Dress to Impress
So, you think it’s okay to drop off your resume or application in a pair of baggy jeans and a t-shirt? Think again!
How you dress says more about you than you may realize. It demonstrates your attention to detail and your judgment of what is appropriate. These are two very important pieces of information for a potential employer.
Dress the part is important.
Whether we like it or not, people judge us by how we look. First impressions matter. Not only that, but how we dress also affects our mood and productivity. You may want to believe that you are more productive in jeans and tennis shoes, but that’s probably not true when you’re in a business environment.
So, how should you dress?
Conservative! That’s probably not what you wanted to hear but it is the safest thing to do. Many organizations may allow casual attire or a casual day, but until you are quite certain about what it is, it is best to err on the conservative side. Conservative is also the rule on a job hunt. Even in companies where the culture is more casual, they still look for job seekers who stick with the classics.
What are the classics?
Dark colors and conservative suits. Colors should be black, charcoal or navy. Men should be in slacks, tie, suit/sport coat and dress shoes. Women should wear slacks or knee-length skirts, tailored suit coat and one-inch heels. All of your clothing should be ironed and shoes should be buffed. That may seem like a small detail but there have been situations where shoes made the difference. Again, those who pay attention to every detail of their clothing probably pay attention to every detail on the job.

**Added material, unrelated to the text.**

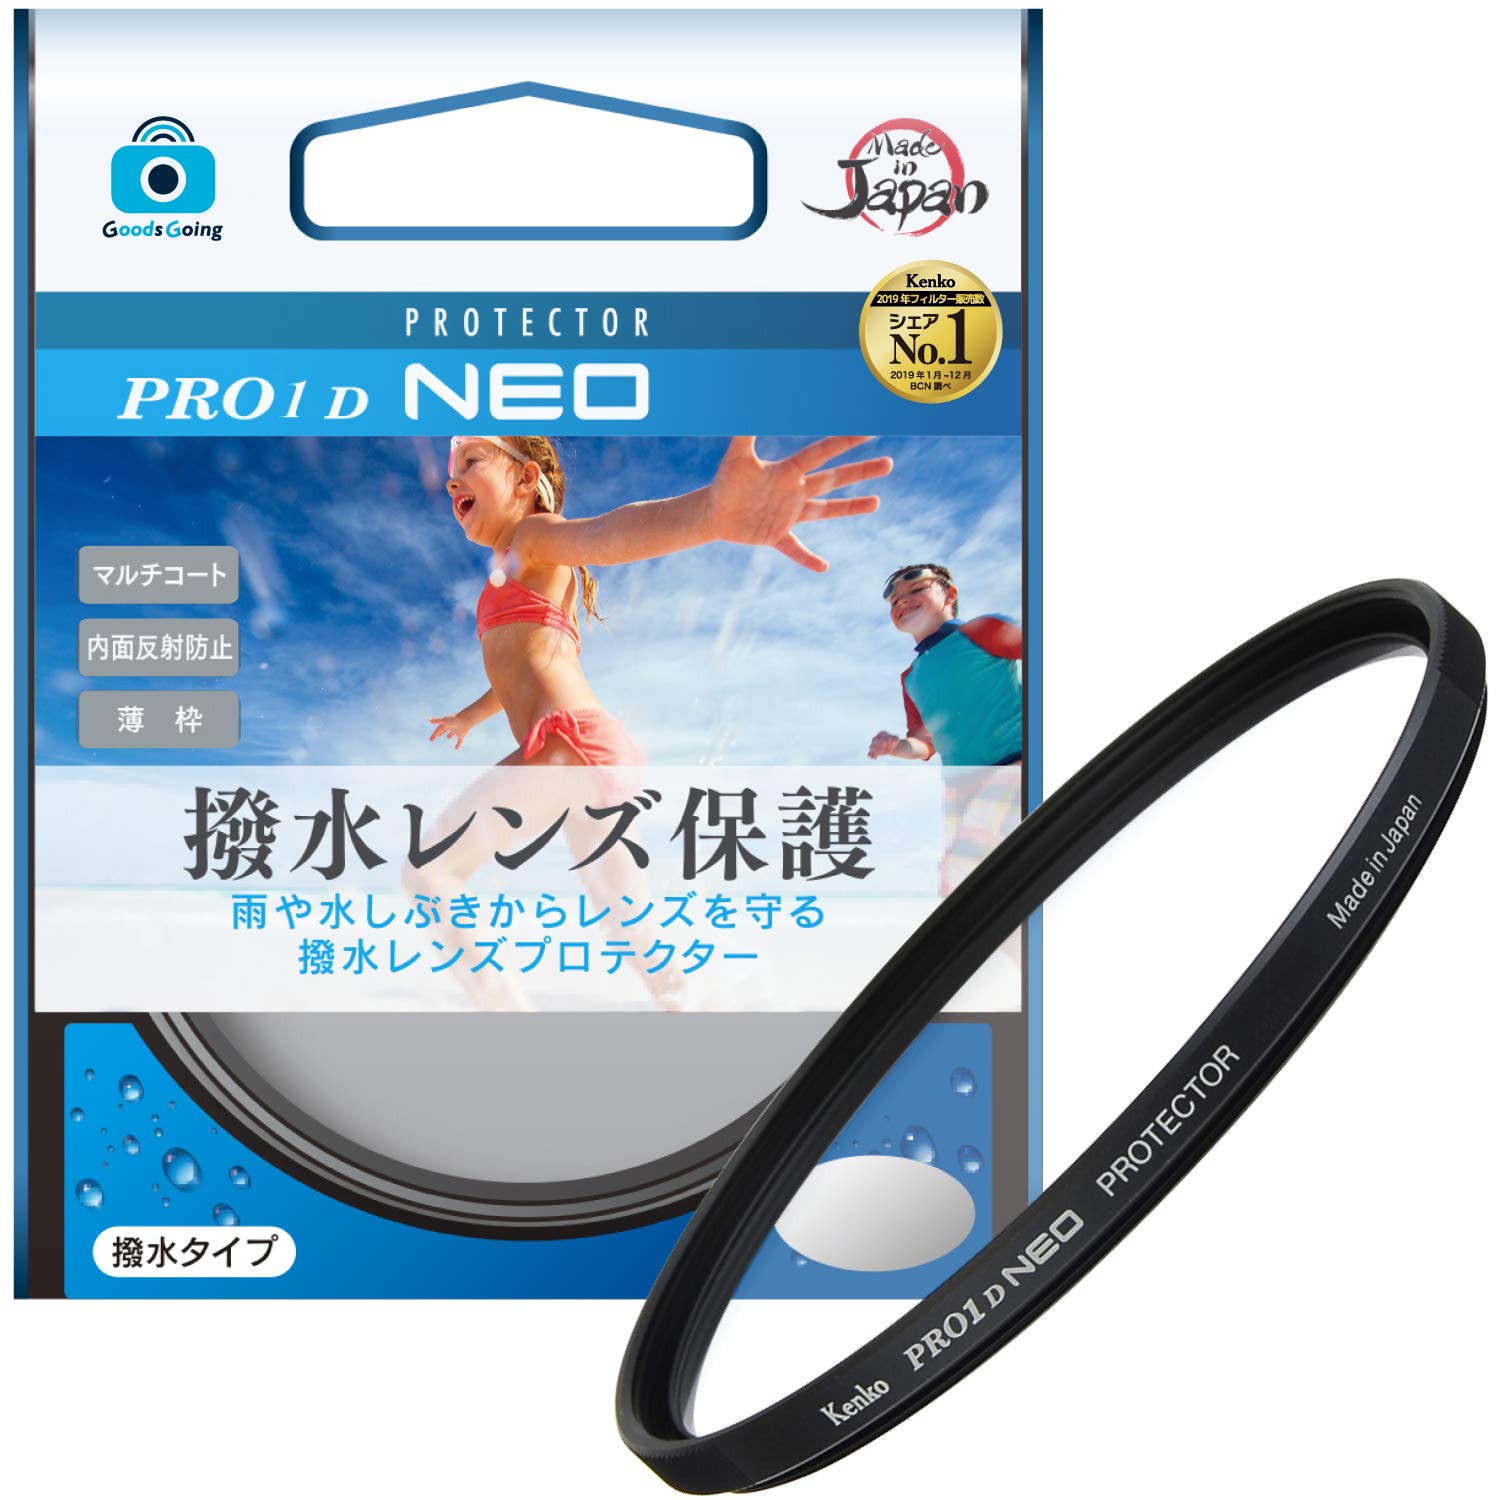 ケンコー(Kenko) グッズゴーイング(Goods Going) 49mm 撥水レンズフィルター PRO1D プロテクター NEO レンズ保護用 撥水・防汚コーティン

Appearance isn’t just the clothing you wear.
It’s also imperative that you have a good haircut that is styled neatly, that your hands and fingernails are clean and your breath is fresh. Also pay attention to your jewelry. Men should only wear a watch, a college ring and/or a wedding band. Women should limit their jewelry to stud earrings (preferably pearls), two or three rings and a watch. All accessories should be simple and kept to a minimum. Now for the big one – do NOT wear cologne or perfume. Some people and books will recommend that you keep it to a minimum; my recommendation is none at all. You have no way of knowing whether or not your interviewer is allergic to perfumes. Play it safe.
There is no one perfect outfit. The general rule of thumb when interviewing is to dress one step above what you would wear on the job. Ultimately, you must decide what you are comfortable wearing and what is most appropriate for your situation. When in doubt, ask for help. There are many people who can offer a sound word of advice. And don’t forget – a smile is always the best accessory.